Between pond and sheepbarn, by maples and watery birches,  
Rebecca paces a double line of rust
in a sandy trench, striding on black
creosoted eight-by-eights.
                                      In nineteen-forty-three,
wartrains skidded tanks,
airframes, dynamos, searchlights, and troops
to Montreal. She counted cars
from the stopped hayrack at the endless crossing:  
ninety-nine, one hundred; and her grandfather Ben’s  
voice shaking with rage and oratory told
how the mighty Boston and Maine
kept the Statehouse in its pocket.
                                                  Today Rebecca walks  
a line that vanishes, in solitude
bypassed by wars and commerce. She remembers the story  
of the bunting’d day her great-great—great—
grandmother watched the first train roll and smoke  
from Potter Place to Gale
with fireworks, cider, and speeches. Then the long rail  
drove west, buzzing and humming; the hive of rolling stock  
extended a thousand-car’d perspective
from Ohio to Oregon, where men who left stone farms  
rode rails toward gold.
                                 On this blue day she walks  
under a high jet’s glint of swooped aluminum pulling  
its feathery contrail westward. She sees ahead  
how the jet dies into junk, and highway wastes  
like railroad.

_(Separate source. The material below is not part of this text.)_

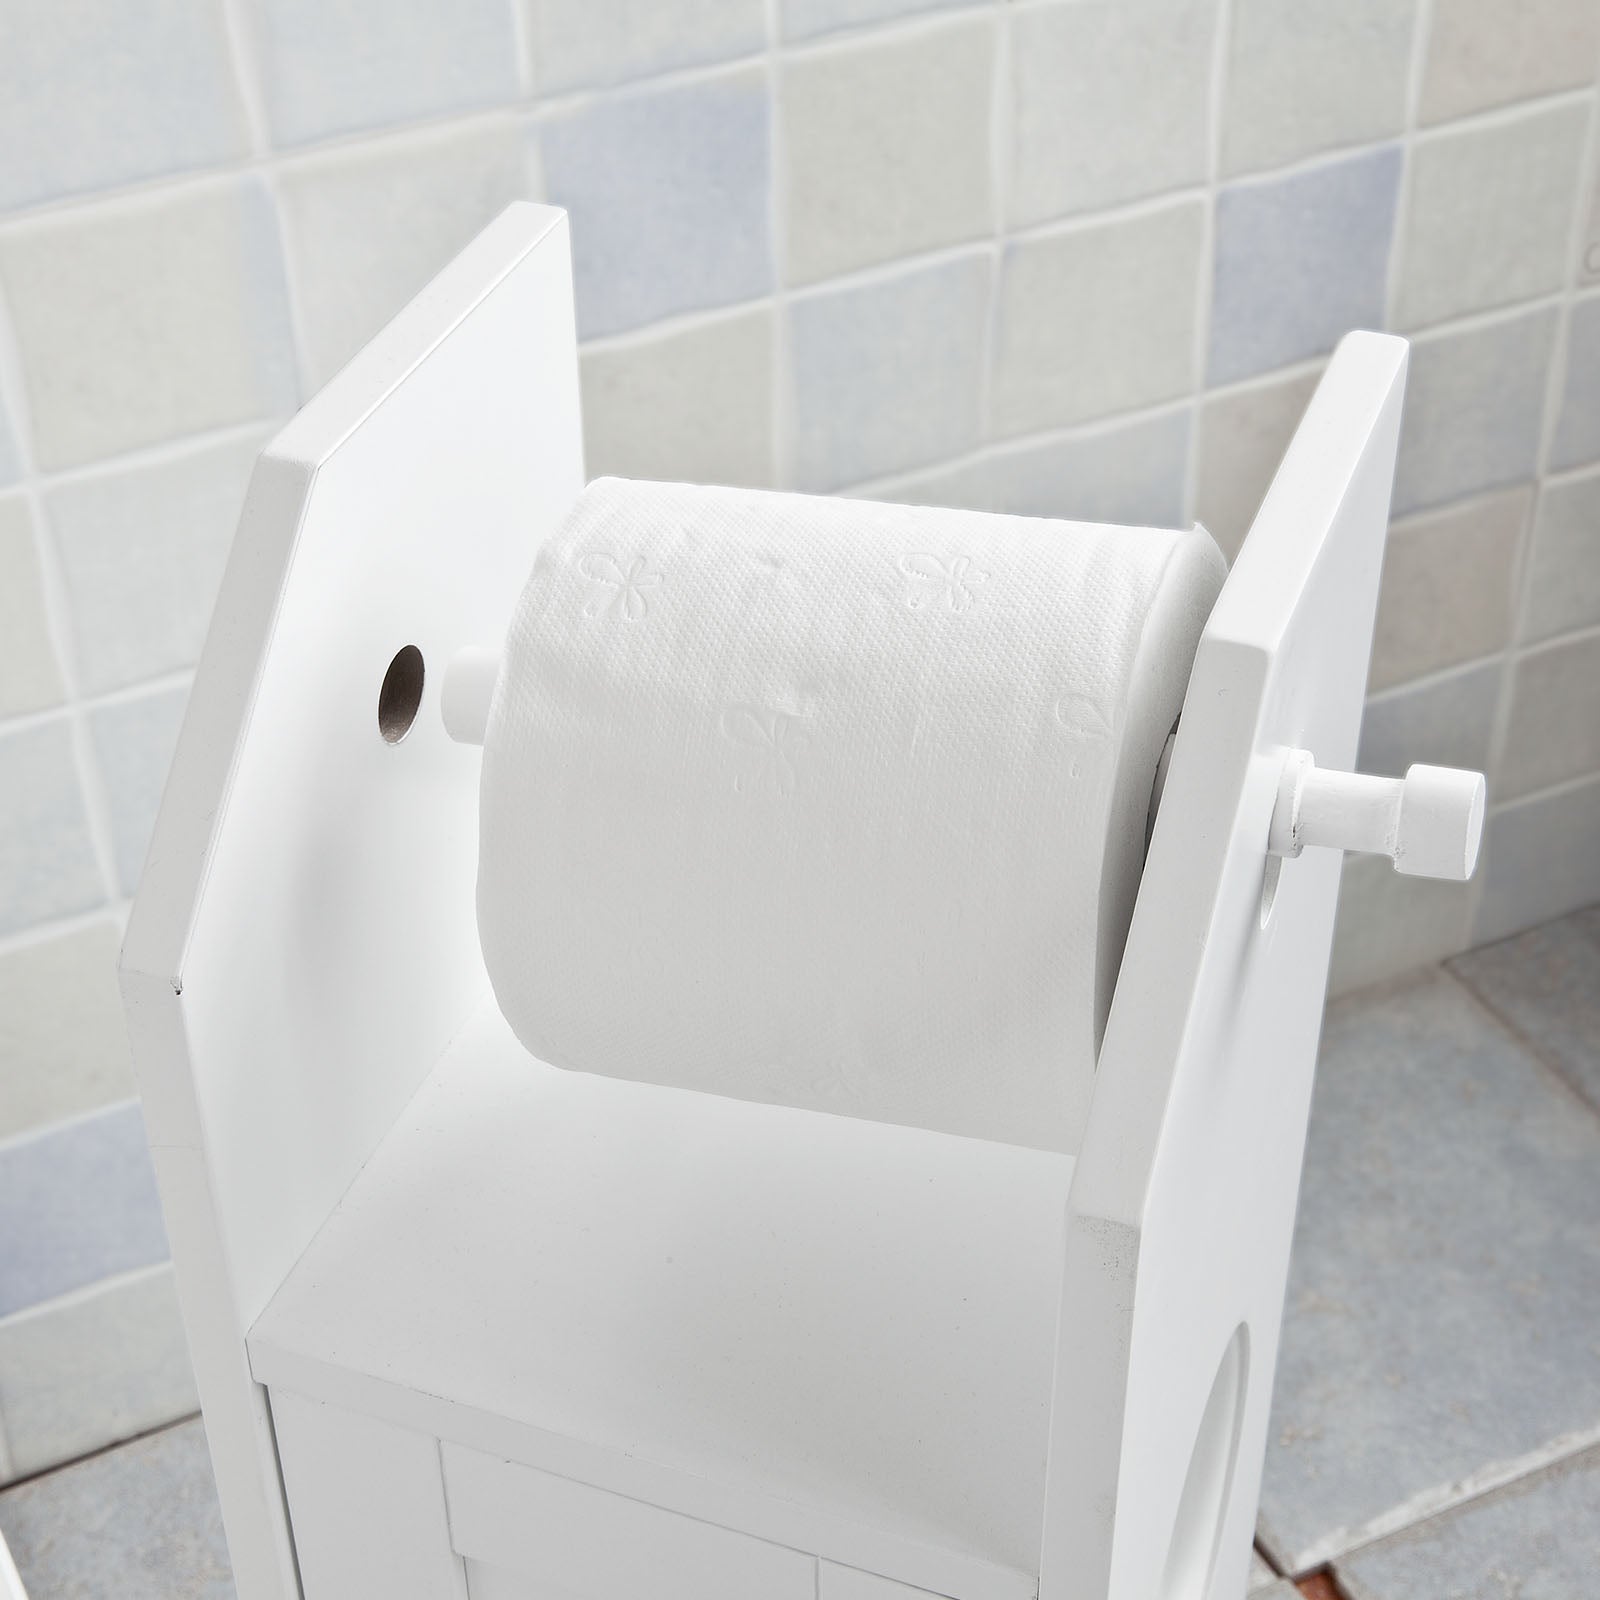 SoBuy Free Standing Wood Bathroom Cabinet,Toilet Paper Roll Holder, FRG135-W

Beside her the old creation retires,  
hayrack sunk like a rowboat
under its fields of hay. She closes her eyes
to glimpse the vertical track that rises
from the underworld of graves,
soul’s ascension connecting dead to unborn, rails  
that hum with a hymn of continual vanishing  
where tracks cross.
                           For she opens her eyes to read  
on a solitary gravestone next to the rails
the familiar names of Ruth and Matthew Bott, born  
in a Norfolk parish, who ventured
the immigrant’s passionate Exodus westward to labor  
on their own land. Here love builds
its mortal house, where today’s wind carries  
a double scent of heaven and cut hay.